To solve your "slash" problem: I guess I could just replace all forward- with backward-slashes on Windows which should result in a consistent use of \ as path separator. (edit: https://github.com/mikf/gallery-dl/commit/d241a0fb6022535efe0401ab3bcc1960e082239e)

Hrxn commented 6 years ago

Interesting to know, thank you for the explanation.

In summary, we could say the true cause of this "issue" is the Python interpreter and its implementation itself, right? Depending on the OS, of course, but apparently the functionality of os.path etc. just takes any basic string and doesn't bother further. I assume that Python (on Windows) itself then uses some standard Windows API function for the output directory, and the Windows API doesn't care either about proper path separators, if I recall that correctly. In the end, I guess we can only speculate whether this is all a design decision or simply a small lapse. But okay, I digress..

Thank you anyway for addressing this very specific nuisance.. πŸ˜„

But with the latest commit, what is the one true way to write my gallery-dl.conf? Or does it really matter, because the path separators now always get replaced, either way?

mikf commented 6 years ago

we could say the true cause of this "issue" is the Python interpreter and its implementation itself, right?

Well, not really.
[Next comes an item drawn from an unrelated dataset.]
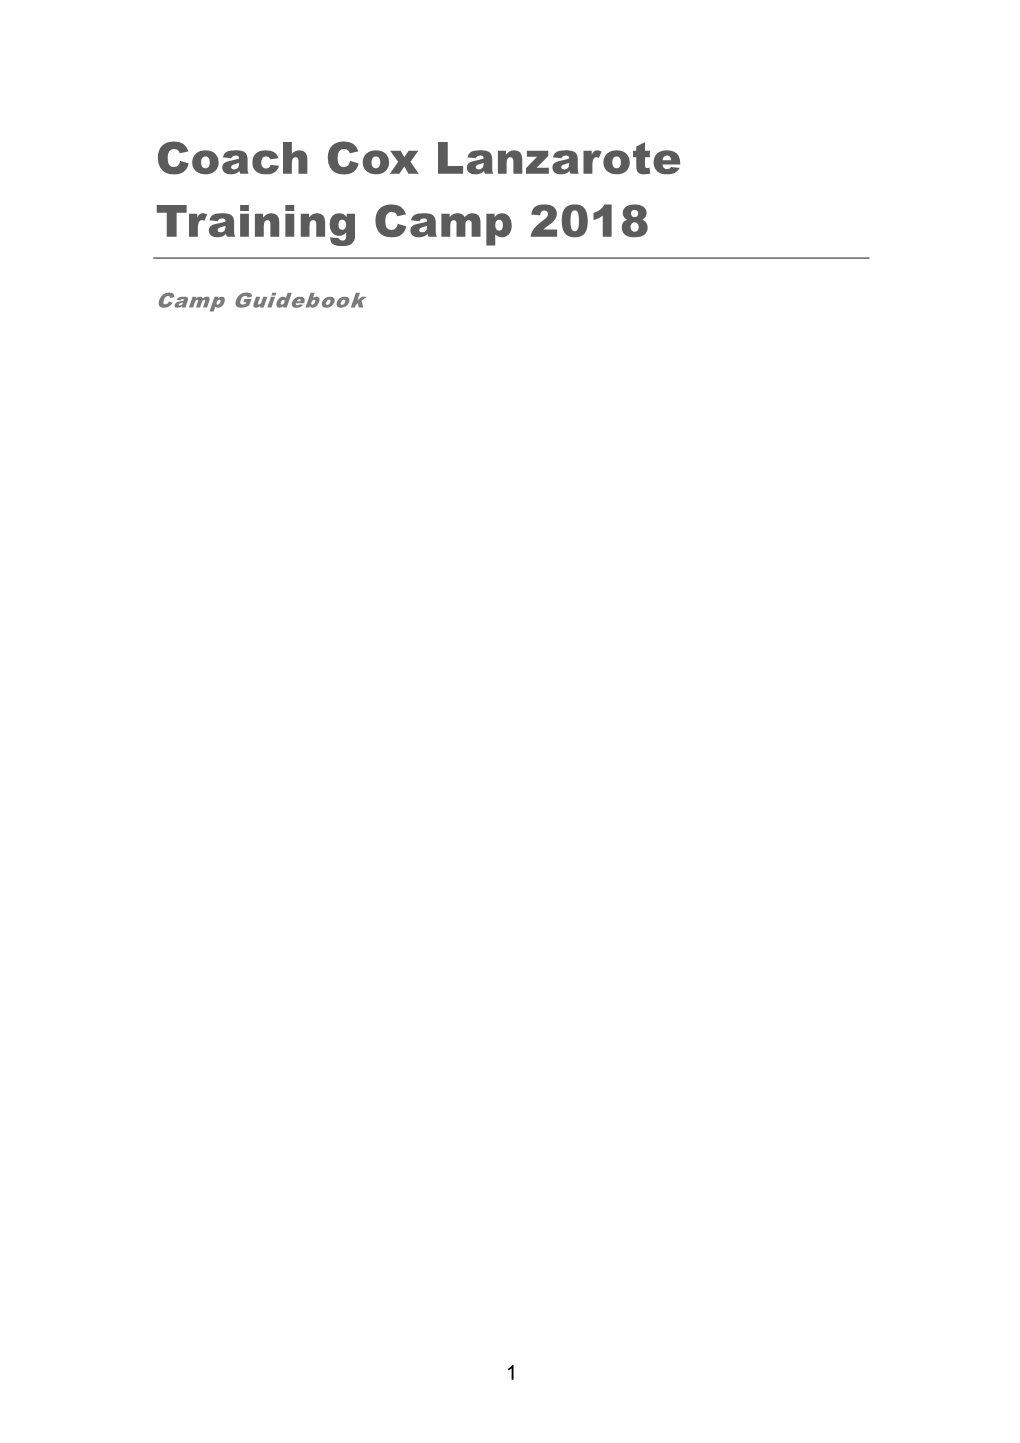 Coach Cox Lanzarote Training Camp 2018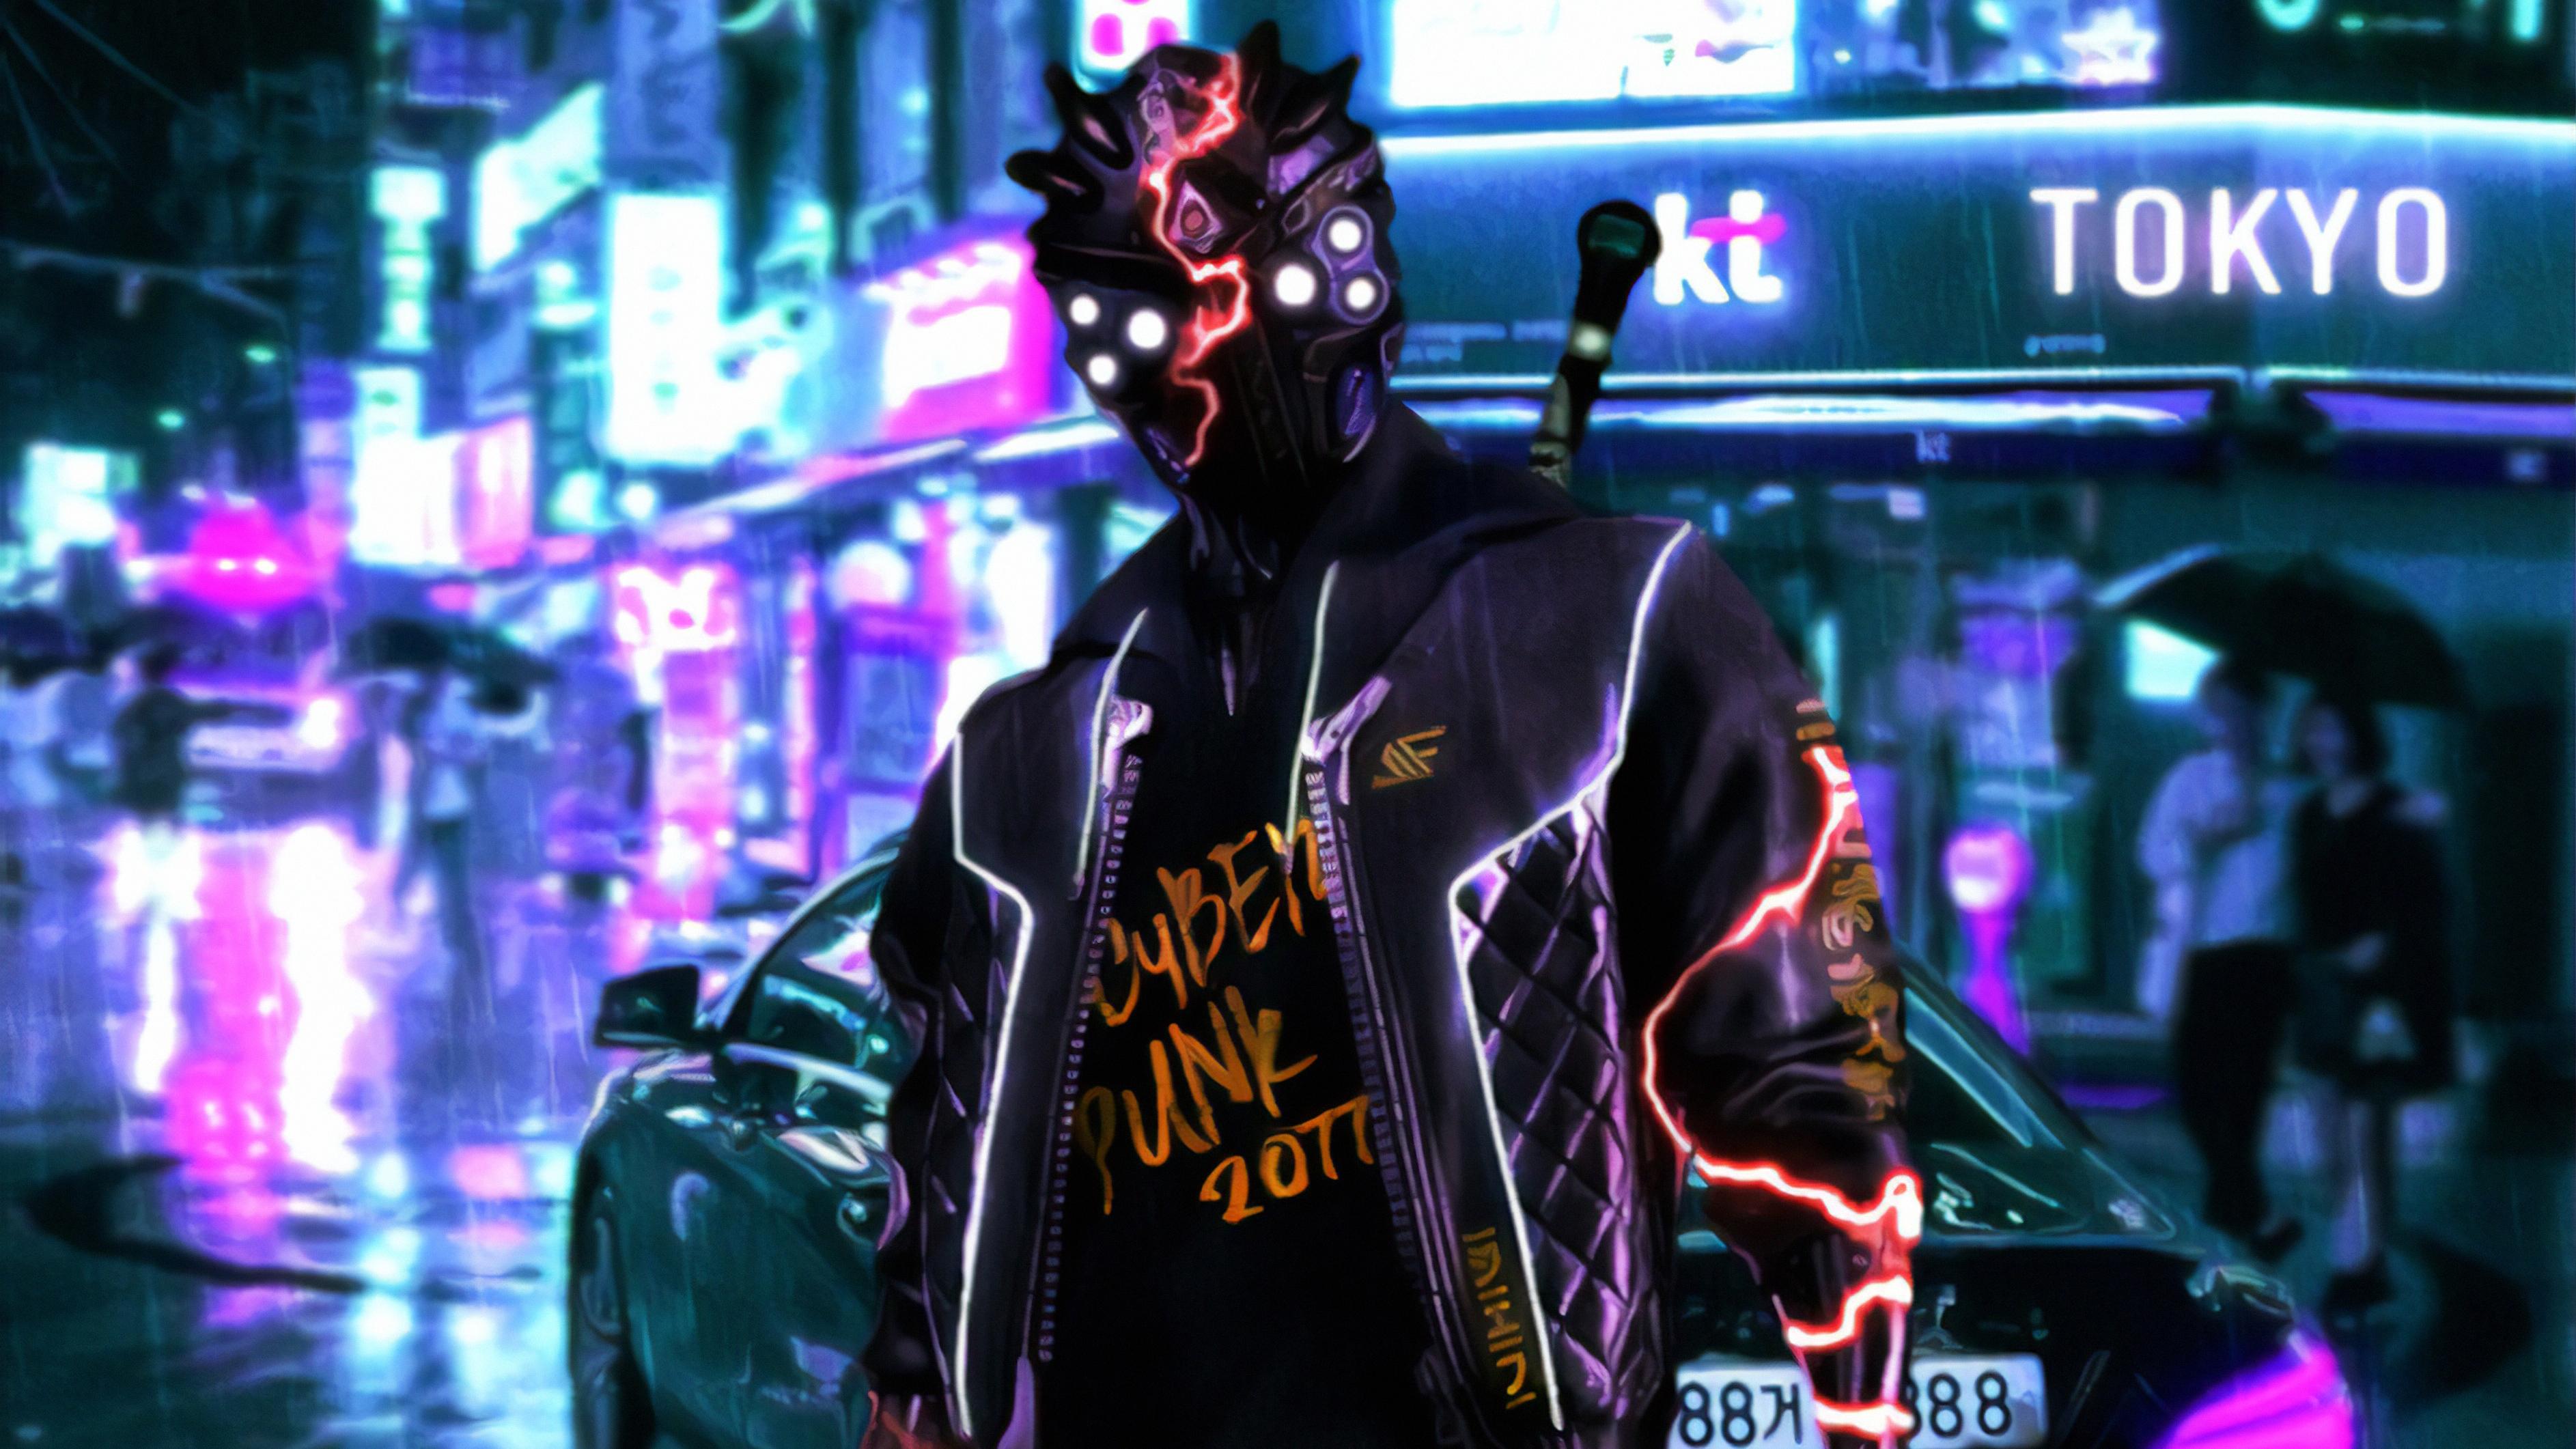 3772 x 2122 · jpeg - Cyberpunk 2077 Tokyo Street 4k, HD Games, 4k Wallpapers, Images ...

The functionality is well documented, so I could have somehow worked around this, but I didn't realize that forward slashes in Windows could be an issue ... doesn't help that I'm not using Windows myself.

But with the latest commit, what is the one true way to write my gallery-dl.conf?

As you said yourself, it doesn't really matter. Both work (/ or \\), so just use what looks best.

Hrxn commented 6 years ago

@mikf Happy New Year! 🍾 πŸŽ† πŸŽ‡

If I may inquire, are you currently planning on adding support for some new sites? Or already something in the pipeline? Other plans in that regard?

Because I'd like to make a suggestion, basically, and maybe get some other opinions and feedback in here πŸ˜„

mikf commented 6 years ago

Happy New Year to you, too.

There are no plans on adding support for new sites from my side, but I have been thinking about adding a few features - an equivalent of YoutubeDL's --download-archive and (maybe) a way of executing external processes after each image download (post-processing, writing metadata, etc.) - as well as finally adding some necessities like GitHub issue templates and a contributing guide.

If you have an idea or suggestion about improvements, (new) features, site support, etc., just open a new issue and let me know.

Hrxn commented 6 years ago

I presume that something like --download-archive would be a useful feature, agreed. Good idea, actually.

Not sure if templates for GitHub are really that necessary, considering the rather low amount of opened issues. If the tracker gets flooded with new issues, this would be a different story. But if you think that the repository would feel like something's missing, for lack of a better description right now, don't mind my comment on this πŸ˜‰

I will definitely open a new issue for a new site, but I wanted to gather some feedback first, and since this thread is already in existence [1], I thought it would be a good idea to simply ask first. Dunno, I would really like to see some other users chiming in here, but so far there aren't that many, unfortunately.

Okay, everyone reading this, please let me know: What do you think of adding support for ArtStation, for example?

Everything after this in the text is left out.